Best Breeding/setting Turkeys, Ducks and Geese? : LUSENET : Countryside : One Thread

What breed of Turkey, Duck and Goose would you pick if you were looking for those that will lay well, raise their own young, and dress out well for the table? Don't want much, do I? :)

-- Tracy (, January 25, 2002


Tracy, I would post this question on the relevant Forums dealing with these fun poultries. The Poultry Connection has a General Waterfowl Forum for questions about ducks and geese and lots of links to commercial sites, and if you search down a ways you will find a discussion re turkeys and some links to people who raise them. Some research on your part should be fun and informative. Buy some books also. With all of these species there is a trade off, fast wieght gain versus mothering ability or egg laying production versus the same thing.
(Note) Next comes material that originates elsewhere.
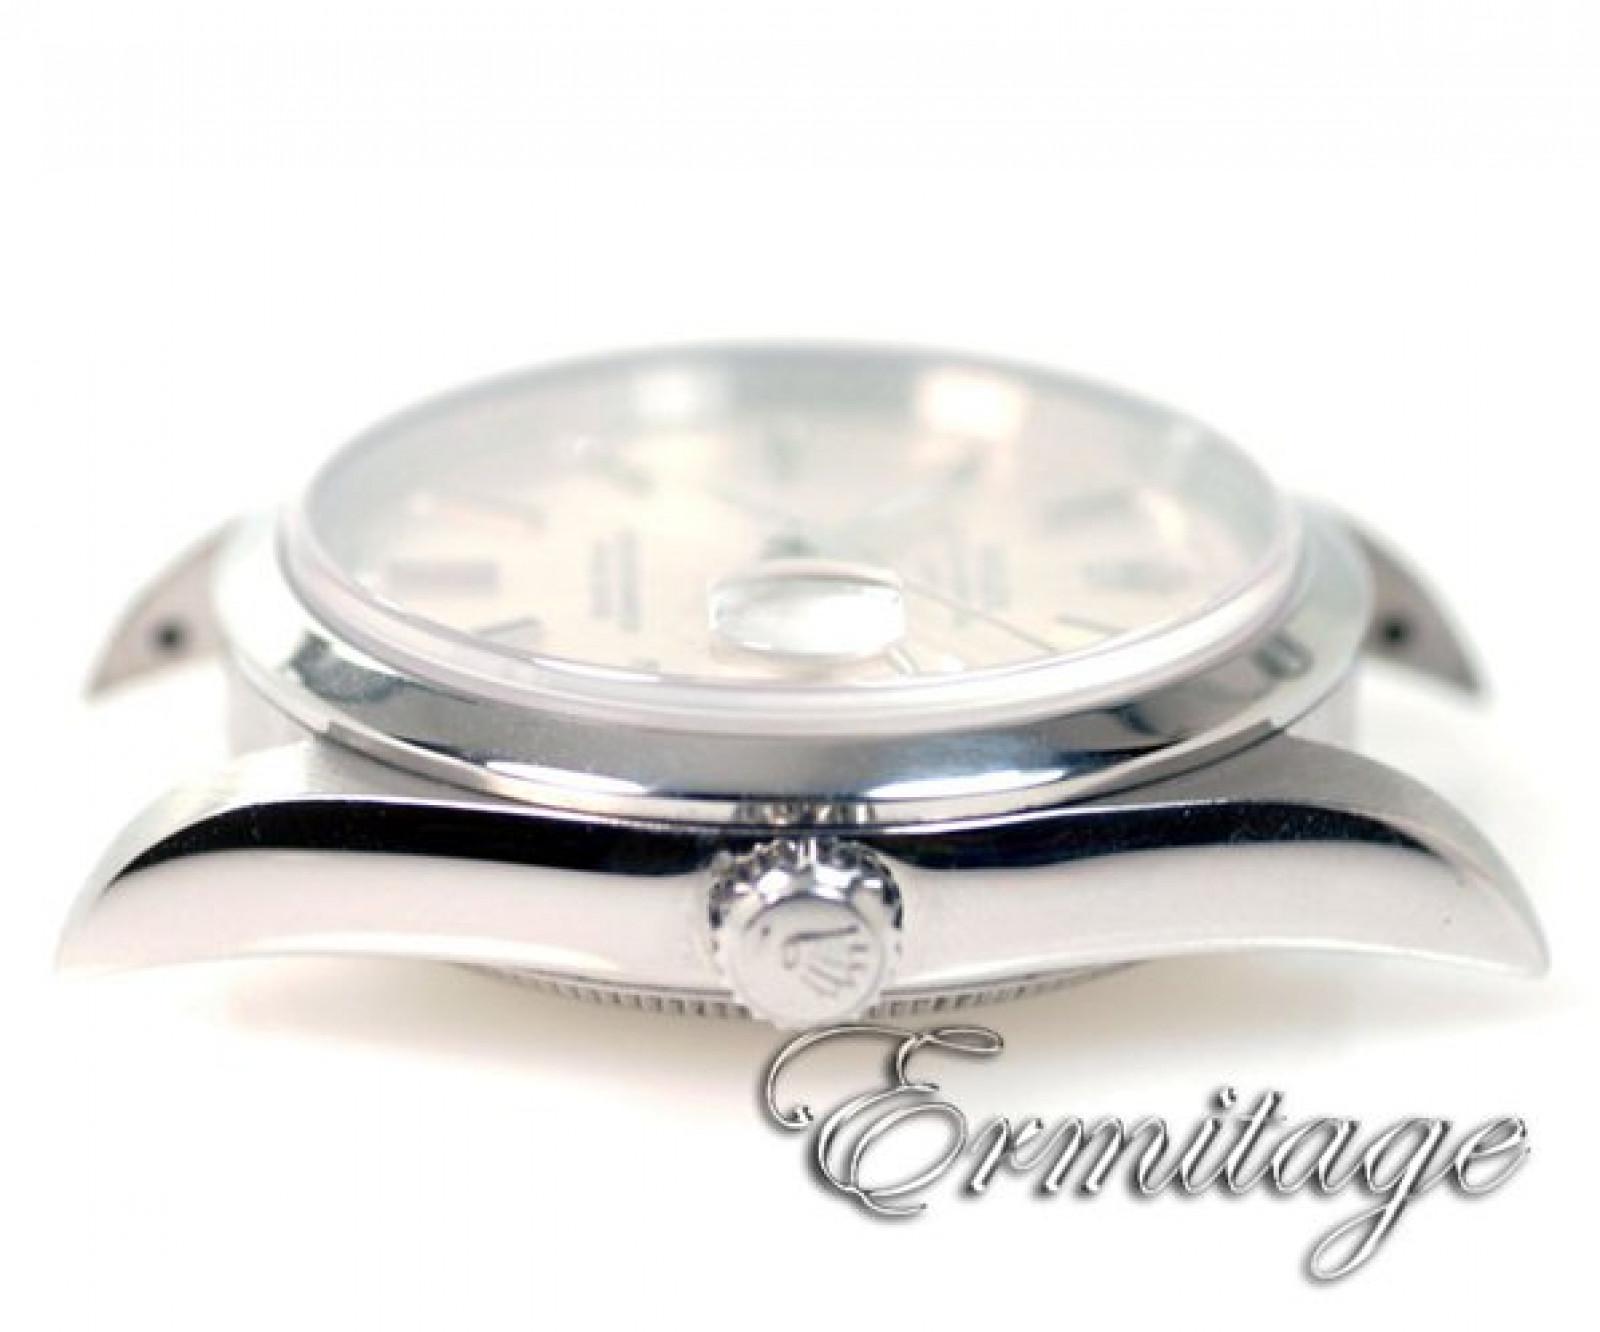 Rolex Date 15200 Steel Silver Dial 1999

Have fun and good luck, LQ

-- Little Quacker (, January 25, 2002.

I think I have asked a few times before.......*where* do I find this Poultry Connection?????????

-- Tracy (, January 25, 2002.

Hi Tracy, it sounds like you want birds that are more self-dependent which can be a real asset on a homestead. I will have to pass on the turkeys since we don't have them but here is a quick rundown of our experience on ducks/geese.

Ducks- if you mainly want ducks for meat in the fall/winter and want a breed that set their own eggs reliably Muscovies are wonderful. They set 1-3 cluches a year and have a very high hatch rate and will raise the ducklings. Other breeds that we've had go broody (though none have hatched their eggs successfully yet) are Swedish, Rouen and Silver Appleyard. I would recommend either the Rouen or Appleyards if you want good layers and plan on pulling the eggs for incubating elsewhere and then using the extras for meat birds.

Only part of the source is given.